Noa Vaisman (University of Chicago, USA)
Legal Subjects, Ontologies and DNA: Human Rights in Post-Dictatorship Argentina

In August 2009 the Supreme Court of Argentina pronounced its position regarding the verification of identity using genetic material (shed DNA) found on personal objects. The Court’s statement was presented in response to the case of Guillermo and Emiliano Prieto, whose identity had been in question since the early 1980s. The two young adults are, in all likelihood, children of disappeared who were themselves disappeared as infants by the military regime that ruled Argentina between 1976 and 1983. Separated from their biological kin and their genetic past their identity was altered when they were inscribed as the natural offspring of a member of the Armed Forces and his wife. 

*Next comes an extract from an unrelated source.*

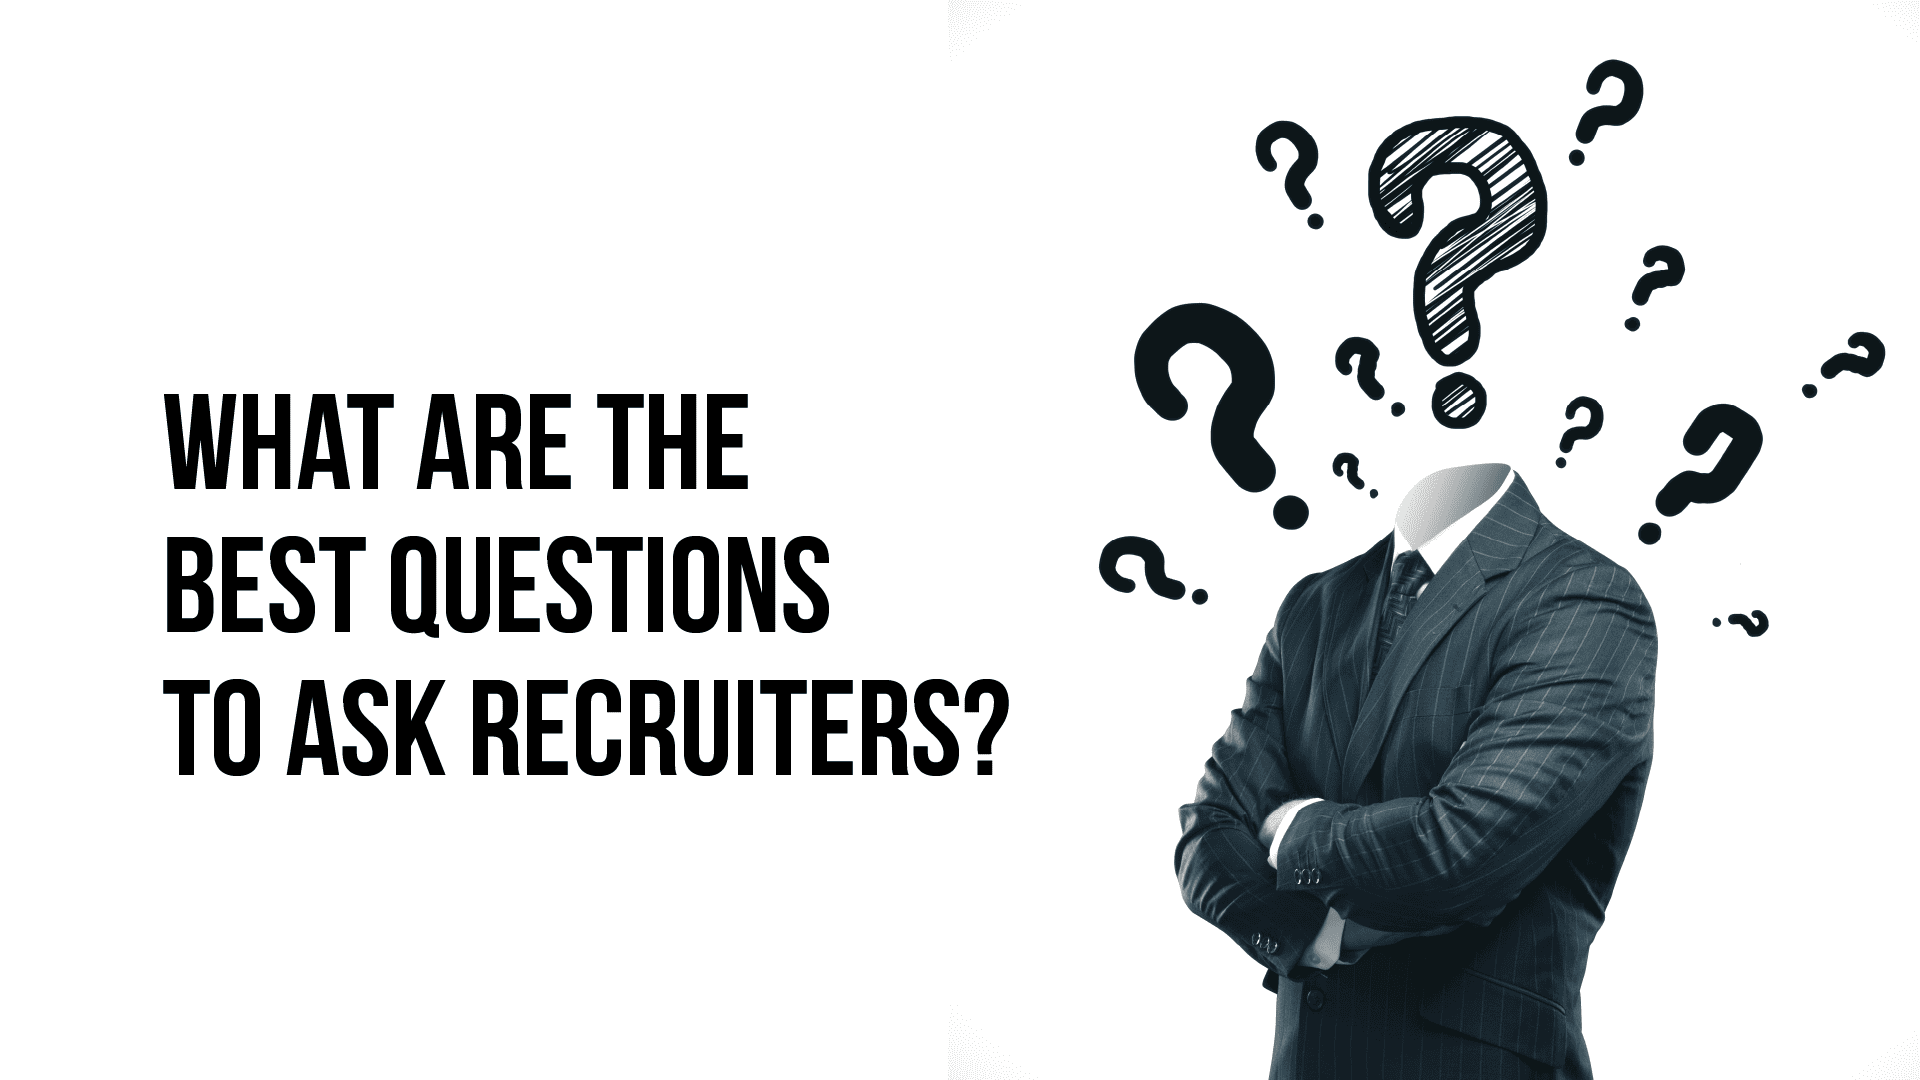 What Are the Best Questions to Ask Recruiters?

In 1982 the case first arrived in the courts but due to the refusal of the appropriating couple and later the individuals themselves the brothers’ identity was never verified. Until 2006 identification of genetic ties was based on DNA extracted from blood samples, however, in recent years other techniques using shed DNA that was left on clothes and other personal objects were developed. The use of these techniques was debated by the Magistrates in 2009. The Court’s statement ratifies its decision from 2003 against compulsory blood tests but allows for DNA identity tests to be carried out on DNA extracted from tissue found on objects in the home of the victim. This legal decision raises many questions, specifically: What are an individual’s rights to identity and to his DNA? How are legal subjectivities constructed and in what ways are they different from the individual’s understanding of his identity? What does this decision tell us about justice and the demand for accountability and truth in the context of post-dictatorship social rebuilding? In this paper I address the above questions using ethnographic material and legal documents from the Supreme Court of Argentina.